On thing to ask yourself, is: Does this processing have to take place right NOW? As n8wrl and Beska alluded to, you might need to code your own method whereby you break-up the work to be done into chunks and then you operate on them one at a time and using something like setTimeout(). This will give the engine time to 'breathe' -- and thus hopefully avoid the 'unresponsive script' warnings. Each of these chunks could also be used to update a progress bar (or similar) that gives the user some indication that work is being done.
Or you could take the approach like GMail - they flash a very small, red "Loading..." text area in the corner of the window. Sometimes its there for a few seconds, sometimes it's not there long enough to read it. Other times it blinks on-and-off several times. But you know when its doing something.
Lastly, also on the point of incrementally 'building' the page, you could inspect the source of Chrome's new tab page. Note: you can't view this using "view source"; instead, choose the "javascript console" option (while on the new tab page) and then look at the HTML source there. There should be a comment that explains their general strategy, like such:
<!-- This page is optimized for perceived performance. Our enemies are the time
taken for the backend to generate our data, and the time taken to parse
and render the starting HTML/CSS content of the page. This page is
designed to let Chrome do both of those things in parallel.

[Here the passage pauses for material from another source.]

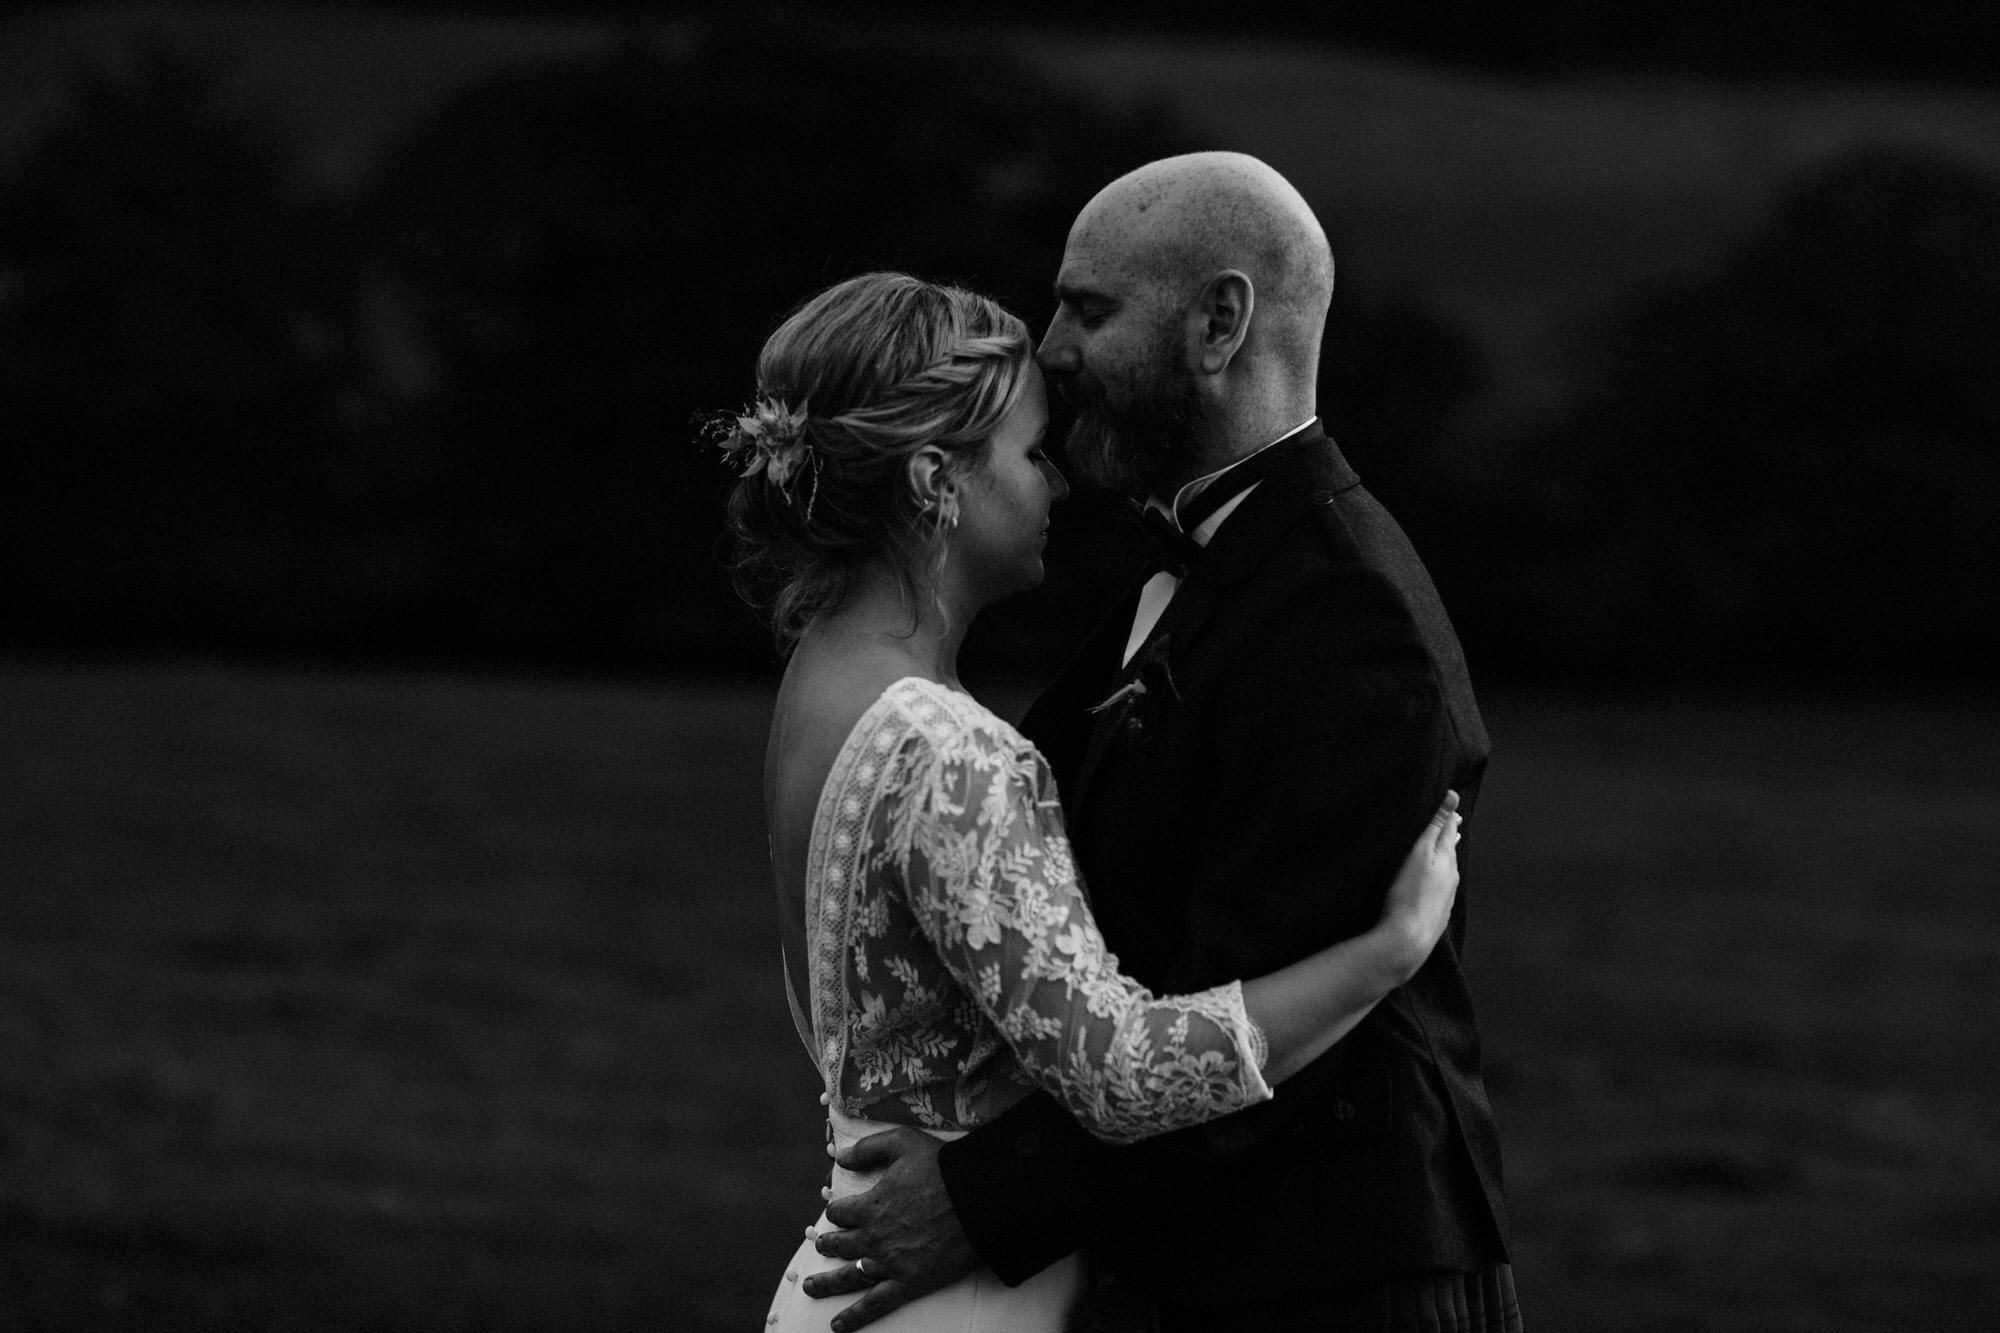 069 TIN SHED KNOCKRAICH WEDDING AUTUMN ZOE ALEXANDRA PHOTOGRAPHY
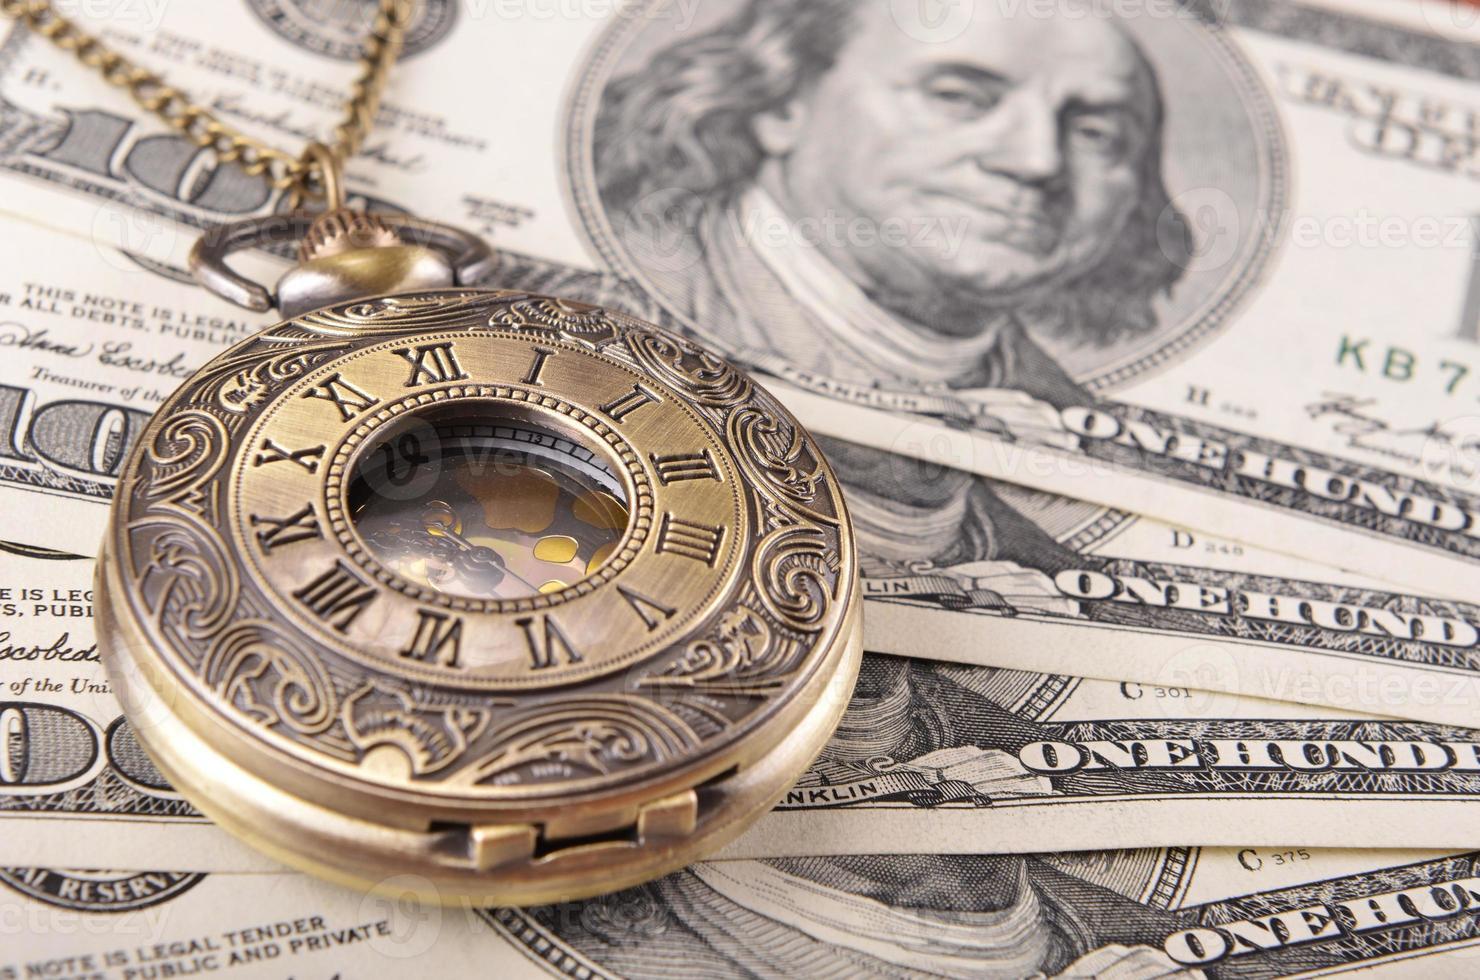 watch on the money photo

1. Defines temporary content callback functions
2. Fires off requests for content (these can come back 20-150ms later)
3. Defines basic functions (handlers)
4. Renders a fast-parse hard-coded version of itself (this can take 20-50ms)
5. Defines the full content-rendering functions
If the requests for content come back before the content-rendering functions
are defined, the data is held until those functions are defined. -->
Not sure if that helps, but I think it does give insight into how some of the big players handle challenges such as this.